Design Notes / Best Practices
-
Enable the cleanup job in production — Event Hub disables the cleanup job by default. Enable it in production environments. Otherwise, the outbox table grows indefinitely and polling query performance degrades.
-
Tune the batch size to your throughput — The batch size determines the maximum number of records processed per scheduler cycle. Adjust based on your workload — keep in mind that Event Hub updates each batch within a single transaction.
-
Monitor
FAILEDrecords — Create an alert that monitors the count and age of events inFAILEDstatus. Records that remainFAILEDfor extended periods indicate a persistent problem.
Related Use Cases
- Preventing event loss during event bus cluster maintenance
- Detecting and performing root cause analysis on long-standing
FAILEDrecords - Monitoring outbox table size and optimizing the cleanup strategy
- Running multiple Event Hub pods with horizontal scaling
Next Step
Continue with Consumer Contracts to review the Protobuf schema structure, validation guarantees, and compatibility rules for event bus consumers.
Related Docs
Overview
Event Hub's overall architecture and the Transactional Outbox pattern.
Delivery & Subscription Model
Event bus topic structure, scheduler mechanism, and Protobuf serialization details.
Consumer Contracts
Event schema rules and compatibility expectations for consumers.
Audit & Observability
Audit logs and OpenTelemetry observability during event processing.

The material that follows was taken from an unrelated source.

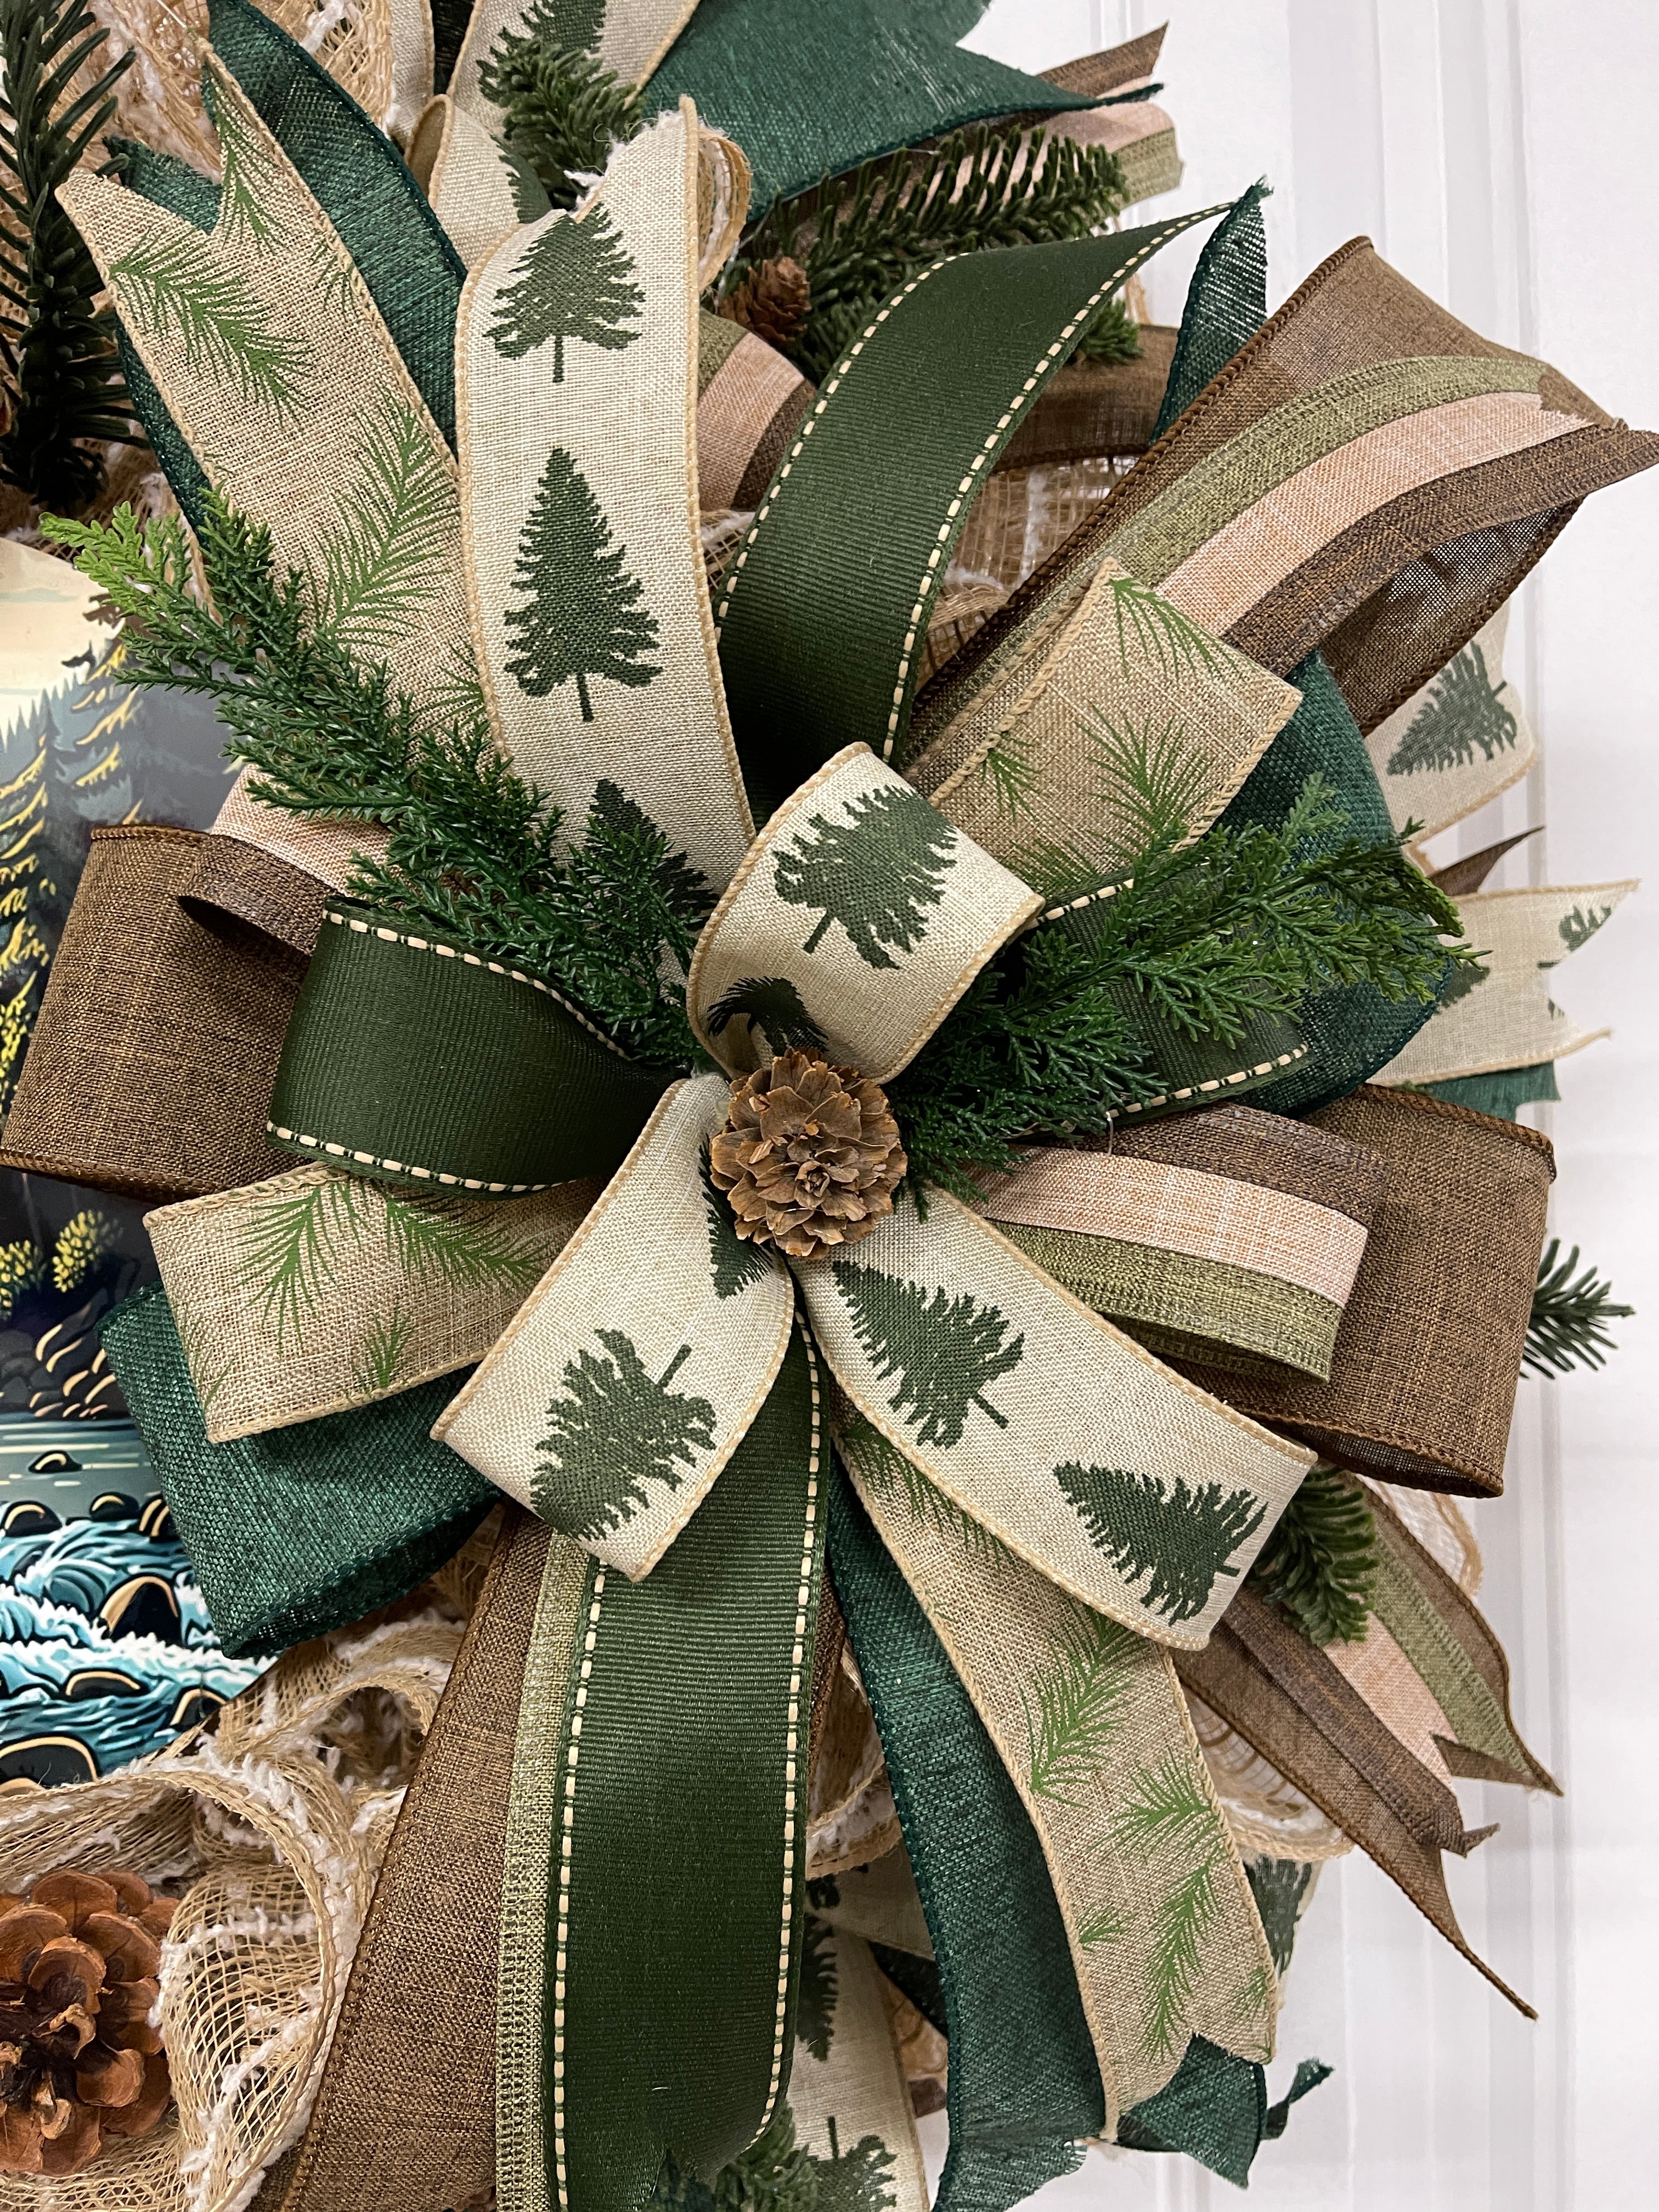 Close Up Detail of Bow with Pinecones, Pine Sprigs, and Ribbons with Pine Trees, and Pine Branches, along with Brown, Tan and Green

Are FAILED events automatically retried?
Yes. Scheduler jobs query for all unprocessed records, which includes both NEW and FAILED events. The scheduler automatically re-attempts FAILED records on every cycle.
Does Event Hub use a separate DLQ topic?
No. Event Hub does not create a separate event bus DLQ topic. Records in FAILED status remain in the outbox table and serve as an implicit DLQ. Detecting permanent failures requires monitoring the outbox table.
Does the cleanup job also delete FAILED records?
No. The cleanup job only targets records in PROCESSED status. It deletes only records that Event Hub successfully sent to the event bus. FAILED records remain in the table.
Can multiple pods process the same event?
No. Event Hub uses a concurrency-safe polling mechanism that ensures only one instance processes each event. Multiple pods can run simultaneously without processing the same event.